Pour la seconde fois seulement depuis que j'ai eu confirmation de la provenance et du but de l'objet, je me demande comment en a été choisie la nature. Une cabine téléphonique, c'est tout de même bien volumineux pour simplement contenir un message. Et qu'est-ce que ça pourrait bien cacher d'autre ? S'ils voulaient me faire passer quelque chose de grande taille, une cabine est tout de même une forme d'enveloppe bien peu conventionnelle. C'est à n'y rien comprendre. Surtout le fait que je me demande ça seulement maintenant. Et il y a cet insignifiant détail à propos de ce qu'a dit Vik puis LeX. On va rentrer dedans. Personne n'a répondu à Dwight lorsqu'il a demandé si elles parlaient de nous tous. Mais ça me paraît assez évident, sinon elles n'auraient pas utilisé ce pronom. Quelque chose cloche. Quelque chose cloche même beaucoup, à bien y repenser.

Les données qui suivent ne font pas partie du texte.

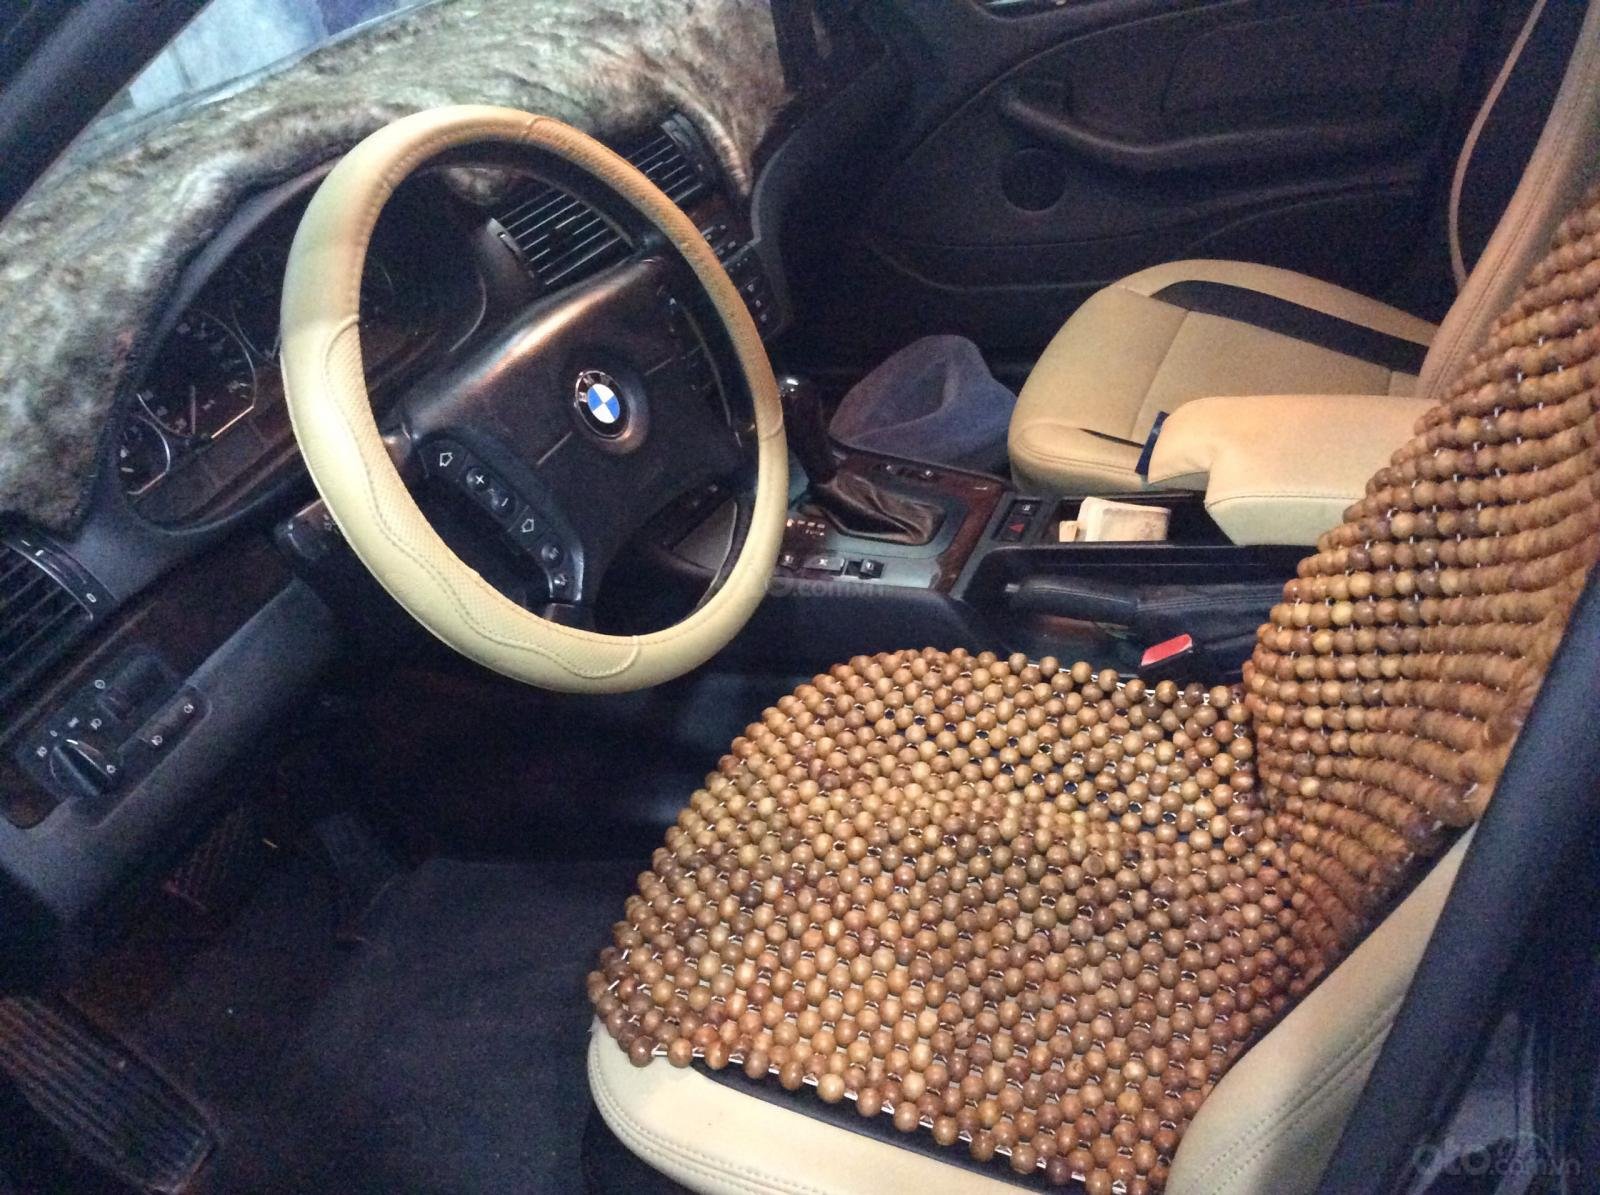 Chủ xe lên đời VinFast, BMW 325i 2005 được bán giá bèo chỉ 250 triệu đồng - Ảnh 2.

- Bon, on va pas y passer la journée. LeX s'impatiente.

De la main, elle me fait signe d'avancer, ainsi qu'aux autres. Je secoue la tête et fais un pas en avant. Je n'ai pas le temps de m'étonner de l'écho engendré par mon entrée que Dwight, sans le moindre doute poussé par Vik, dans l'un de ses grands moments de violence inattendus, vient s'écraser sur moi de tout son poids. J'entends la brunette rire avant que June ne lui réserve le même sort, mue par je ne sais quel sentiment ordinairement peu présent chez elle. La Botaniste atterrit sur mon Tuteur et moi dans un cri de surprise dont mes tympans se seraient bien passés. Et l'entassement est malheureusement loin d'être fini. June n'est la victime de personne, tout du moins pas directement : c'est Hannibal, poussé par LeX, qui la percute. Ils s'aplatissent ensemble sur nous dans un concert de protestations. Seule la Messagère entre royalement, debout sur ses deux pieds. C'est là que vous vous dites que le tas de cinq personnes formé par June, Viky, H, Dwighty, et moi-même est sans doute pressé contre la paroi de la cabine opposée à l'entrée, parce qu'il n'y a pas d'autre moyen de faire rentrer six personnes dans une cabine téléphonique à l'improviste, même si ses dimensions sont supérieures à la moyenne. Et c'est là que je vous dis qu'en fait nous sommes étalés à l'horizontale, sur un sol froid qui n'est pas la moquette de ma chambre et ne devrait par conséquent pas couvrir suffisamment d'espace pour accueillir ne serait-ce qu'un seul d'entre nous à plat ventre.